Pemandangan tentang sawah yang terbentang luas. Pertanyaan Didi siang tadi
masih terngiang di telinganya. Ini bukan pertanyaannya pertama kali. Setiap
tahun, tidak hanya Didi, bahkan teman yang lainnya juga bertanya perihal itu.
Tidak banyak yang tahu
tentang Zea. Bagi Zea, tidak ada baiknya orang terlalu banyak tahu perihal
kehidupan kita. Tentang anak perempuan satu-satunya. Tentang luka yang
digoreskan oleh sanak saudaranya. Tentang rencana Zea yang ingin menghilang dari
kehidupan sanak saudaranya. Namun bagaimanapun Zea mencoba menghilang, hubungan
kekeluargaan itu datang secara alamiah.
“Seberapa besar pun
mereka menyakiti kita, namun mereka tetap keluarga kita, Ze. Kau tidak bisa
dengan mudahnya memutus hubungan kekeluargaan. Keluarga tetap keluarga
sekalipun mereka lebih terlihat seperti musuh.”
Zea memukul-mukul
dadanya keras. Matanya merah mencoba menahan tangis yang jika dilepaskan pasti
akan meledak. Lama sekali rasanya ia tidak menangis. Lama sekali ia menahannya.

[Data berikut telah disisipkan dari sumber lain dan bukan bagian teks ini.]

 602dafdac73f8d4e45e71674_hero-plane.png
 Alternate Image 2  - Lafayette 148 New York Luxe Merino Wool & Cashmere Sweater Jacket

Sejak terakhir kali, saat ia memutuskan menjual rumah peninggalan orangtuanya.
Harta warisan satu-satunya. Keputusan paling sulit saat itu. Rumah yang
seharusnya tidak dijual. Rumah yang akan menjadi tempat atau tepatnya alasan
untuk ia pulang. Tapi saat itu ia menjualnya. Tangisnya pecah. Membasahi uang
hasil penjualan rumah orang tuanya.
“Maafkan aku Abah,
Emak.” Zea terisak. Menghapus kasar air mata yang mengalir di kedua pipinya.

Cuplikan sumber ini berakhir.